Ritchie’s most memorable poems are those which give voice to the objects of the painting, rather than simply commenting on it as a viewer. One of her best is “The Widow Speaks”, inspired by Adolphe Blondheim’s “The Decoration”:
They give me a medal destined for him!
So I’m a widow who never was wife…
What use is this silver bauble?
Did my fleeting lover tell his captain
my girlhood name, where to find me?
Yes, I’m still here, ten long years…
Our daughter picked oranges, filled a bowl,
we are hungry! But the artist insists he needs
the oranges for color, our faces so pale.
My dress is maroon, but he paints it dark
as my hair, as my life. What lady works
as a model? But I’ve kept on my clothes.
In the original painting, a woman looks toward the viewer, her children on either side of her, her hand resting over her heart and surrounded by shadows. Ritchie renames the poem, directing the viewer’s attention away from the “decoration”—the glass object clutched by one of the children—to the woman, and her gaze. The “widow” of Ritchie’s poem is defiant, outspoken, critiquing the artist’s choices in painting her and casting off the labels of “wife”, “lady”, “model”, and “widow” in turn. She resists being categorized by the visual cues of the painting, and, through the literary medium, is able to achieve a degree of self-expression that she seemingly was not in the visual medium—at least, so long as her representation was controlled not by herself, but by the male artist. Ritchie explores these same themes in other poems in the collection that she titles “The ______ Speaks”, including “The Hunter”, “The Wife”, “The Model”, “The Prisoners”, and “The Anemic Cashier”, to name a few.
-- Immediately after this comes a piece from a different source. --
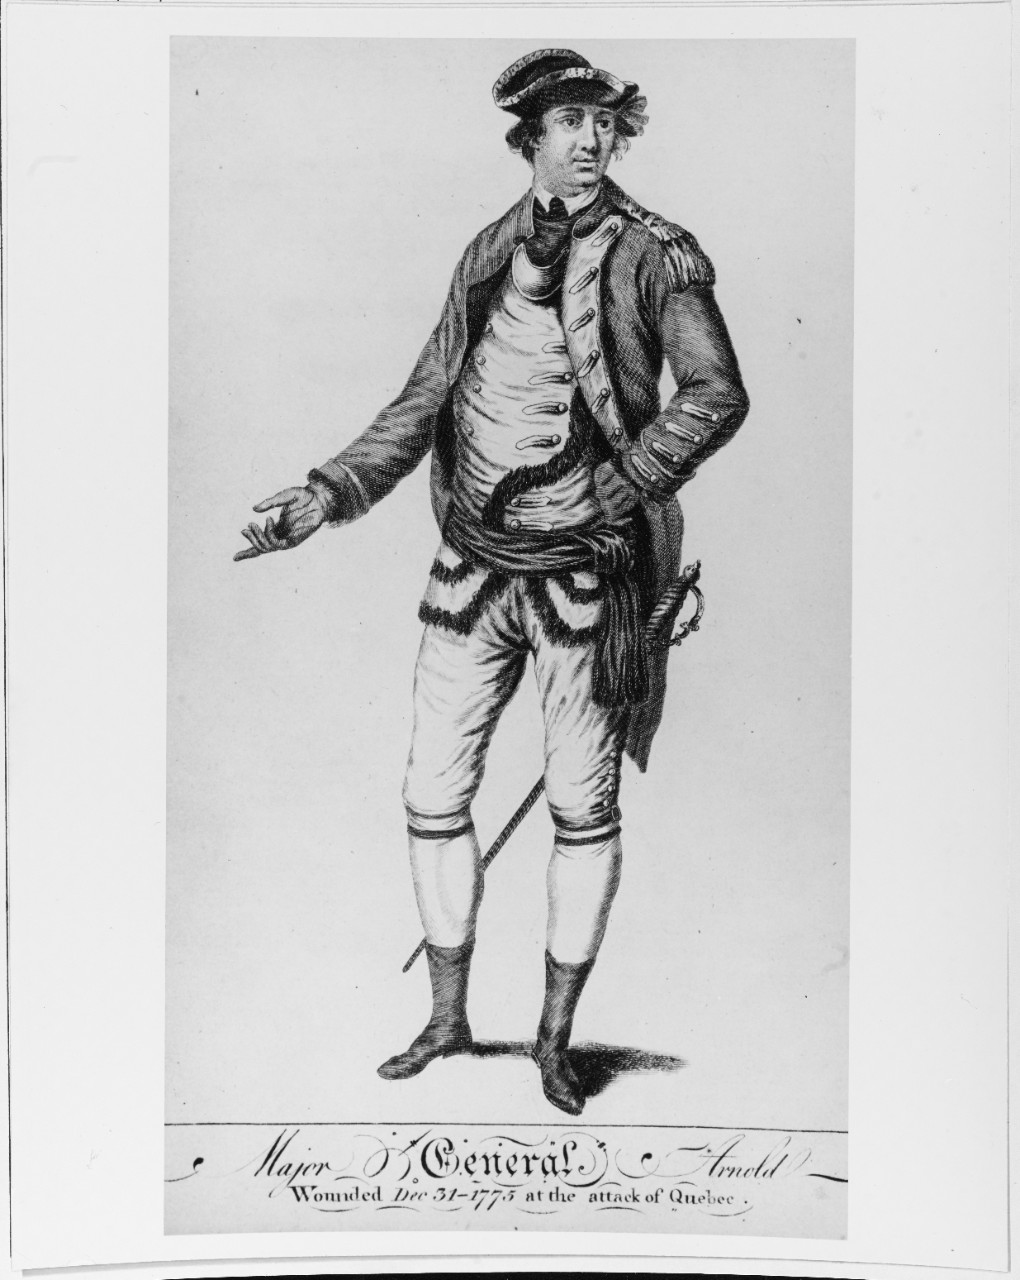 Benedict Arnold (1741-1801), American General

My favorite piece in the collection is “When Foxes Came Calling”, a prose poem inspired by John Woodhouse Audubon’s “Long Red-Tailed Fox”. Her language compliments the painting, crafting a narrative behind the artist’s observation of the fox that includes both wariness and admiration, representing the beauty of the fox in “rusty collars” and “dusk his color”:
He steps among tiger lilies, alert for whoever slips past underfoot, bottlebrush
tail still as a stick. He eavesdrops, suddenly leaps, digs, bounds, pounces, nabs
wind, lands with a look admitting that he was outfoxed by a mouse, mole or vole…
© Elisavietta Ritchie and Emory (Zoe) Russo
Elisavietta Ritchie’s published books include Babushka’s Beads: A Geography of Genes, New and Selected Poems; Guy Wires; Feathers, Or, Love on the Wing; Cormorant Beyond the Compost; Awaiting Permission to Land; Arc of the Storm; Elegy for the Other Woman; and Tightening The Circle Over Eel Country (winner of the Great Lakes Colleges Association’s “New Writer’s Award for Best First Book of Poetry 1975–76”).
Emory Russo is a student intern at the Loch Raven Review and a junior at the University of Maryland in Baltimore County. Emory has done editing work and written for NewsUp, BrickHouse Books, and the Loch Raven Review.